= Nosu =

District in the Mamasa Regency, West Sulawesi, Indonesia

Nosu is a district in the Mamasa Regency, West Sulawesi, Indonesia. It comprises seven villages and is situated in the highlands of Mamasa, the only inland regency in the province. As of the 2010 Indonesian census, the district had a total population of 4,276 people. Stunting is a significant health concern in the region, leading the West Sulawesi Provincial Health Office, in collaboration with Bank Indonesia, to conduct a public health outreach program in 2024.

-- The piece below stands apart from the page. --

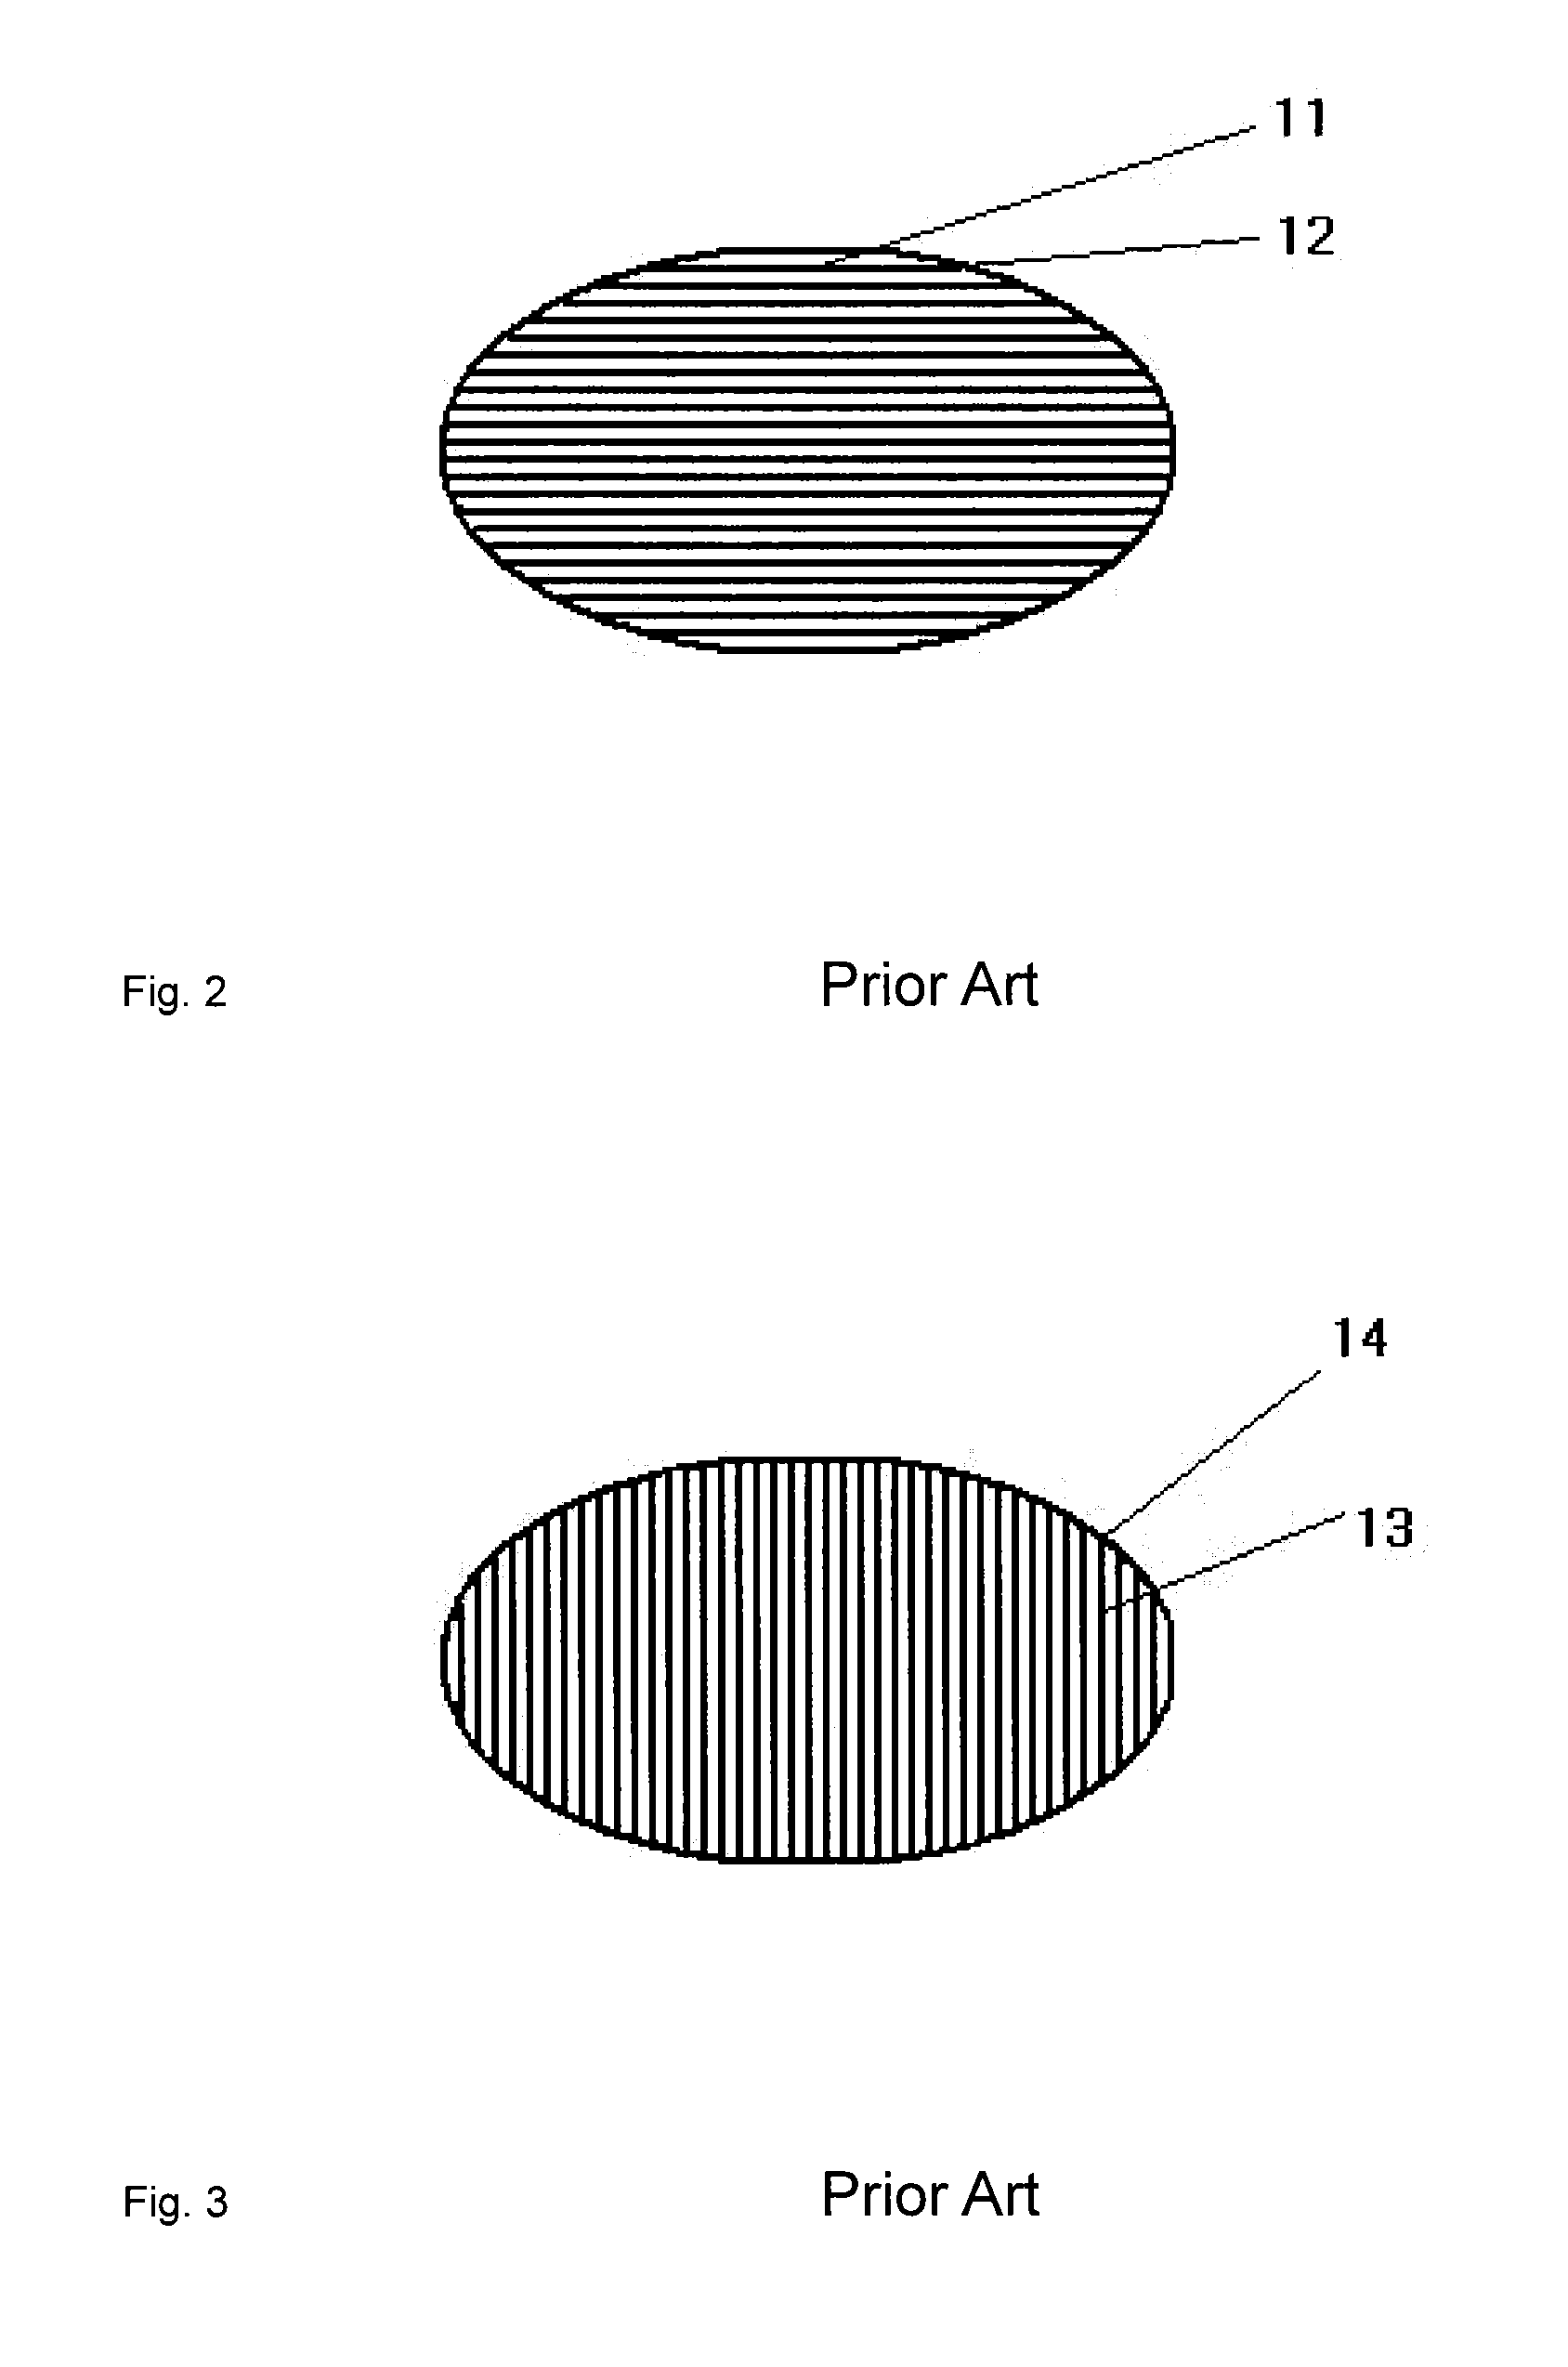 Process for melting/sintering powder particles for the layer-by-layer production of three-dimensional objects

==Geography and location==
Nosu is located in the Mamasa Regency, West Sulawesi, Indonesia. The district has seven villages (known as desa and kelurahan): Batupapan, Masewwe, Minanga, Minanga Timur, Nosu, Parinding, Siwi. Nosu is situated in the highlands of Mamasa, which is the only inland regency in West Sulawesi and is known for its mountainous terrain. The region is characterized by valleys, jungles, and rivers.

==Demographics==
According to the 2010 Indonesian census, conducted by Statistics Indonesia, the district Nosu had a total population of 4,276 people. The district covers an area of 113.4 square kilometers, resulting in a population density of approximately 37.71 people per square kilometer.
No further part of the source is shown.